TASK DETAILS >> The result should hold only the lines from the one with "Milton og den smarte myre" through the final line of the data below, transcribed exactly, pictures left out.

DATA SHOWN >>
┄┄┄┄┄┄

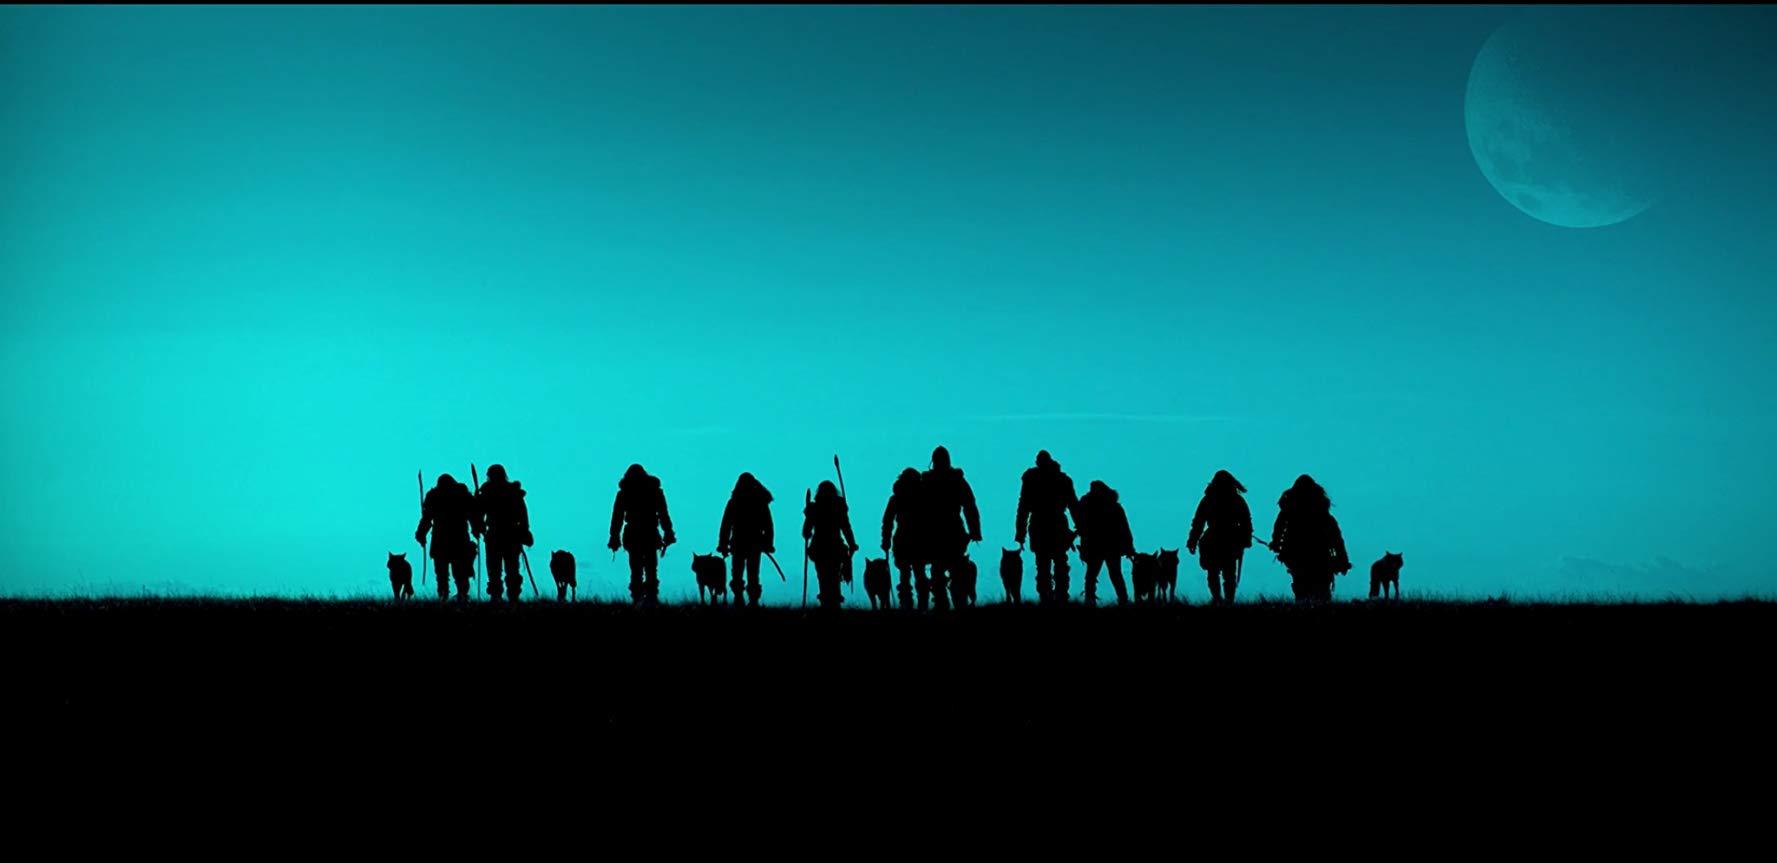 Alpha - Un'amicizia forte come la vita: una suggestiva immagine del film
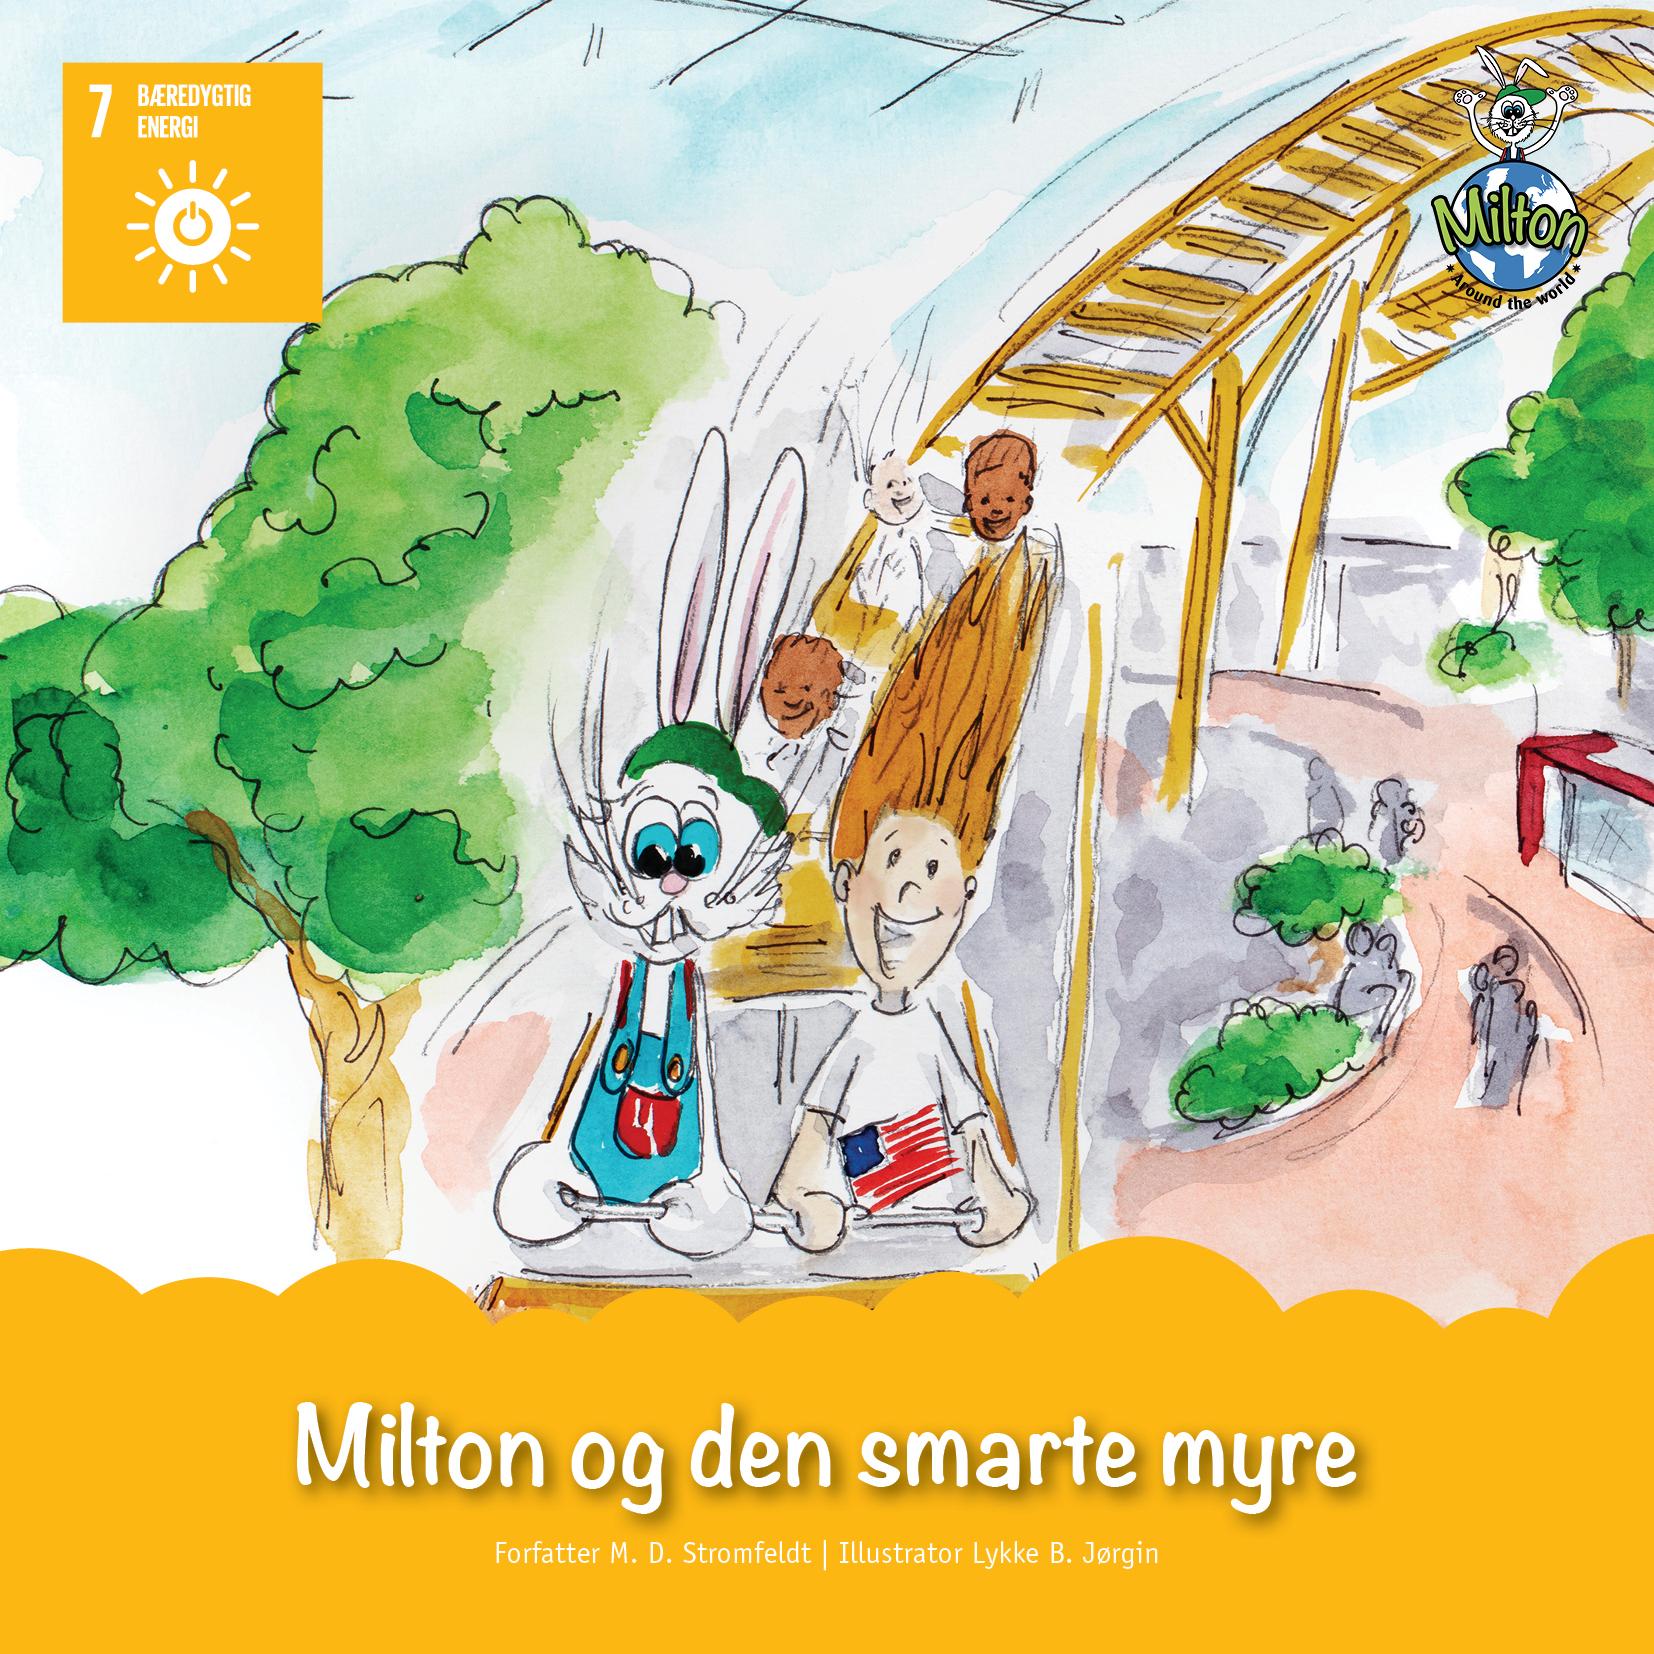 Milton og den smarte myre
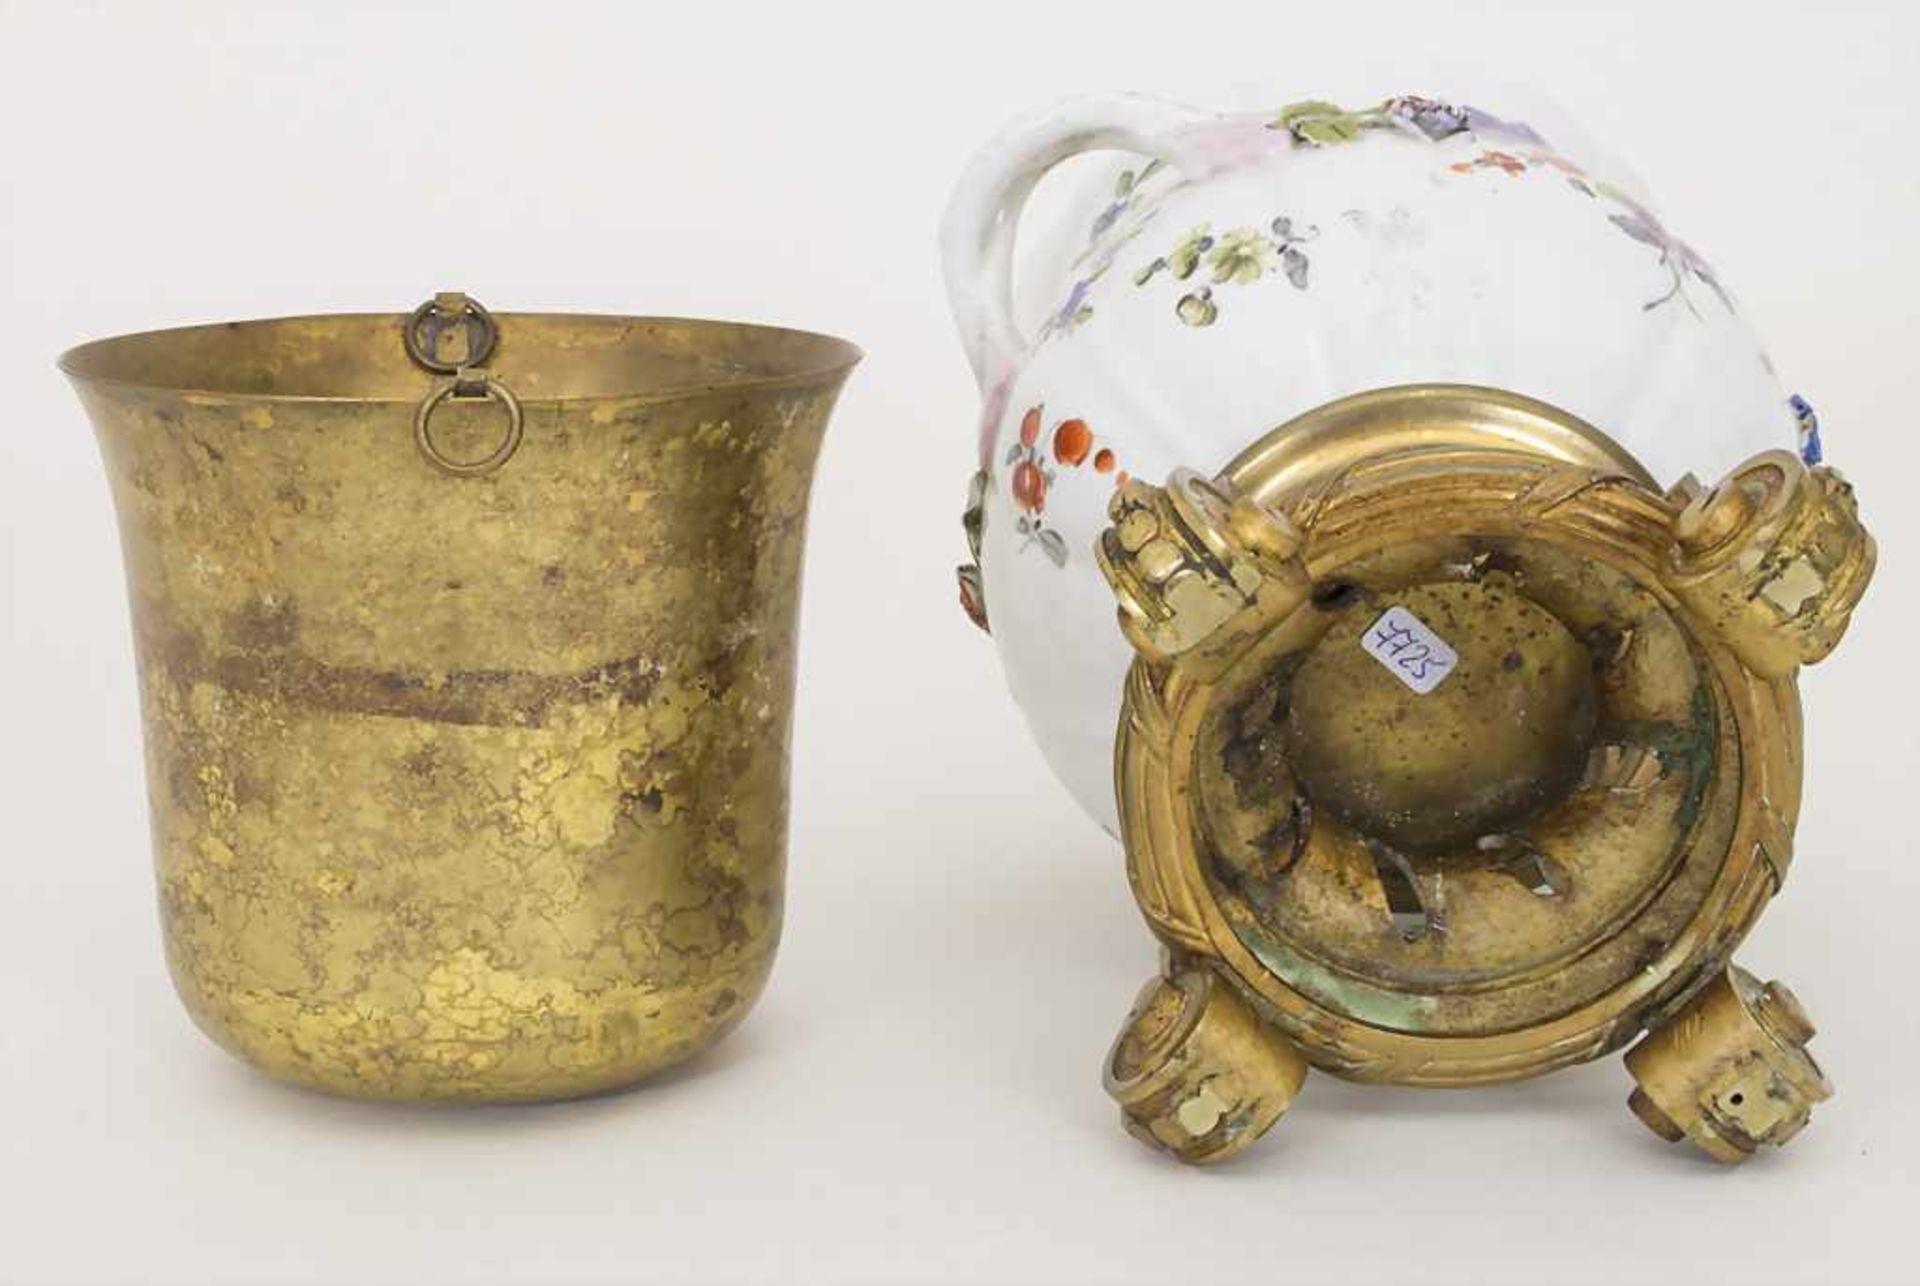 Cachepot mit Bronzemontur und Einsatz / A cachepot with bronze mount and insert, Helena Wolfsohn, - Bild 8 aus 8

┄┄┄┄┄┄

ANSWER FOR THIS EXERCISE >>
 Milton og den smarte myre
 Cachepot mit Bronzemontur und Einsatz / A cachepot with bronze mount and insert, Helena Wolfsohn, - Bild 8 aus 8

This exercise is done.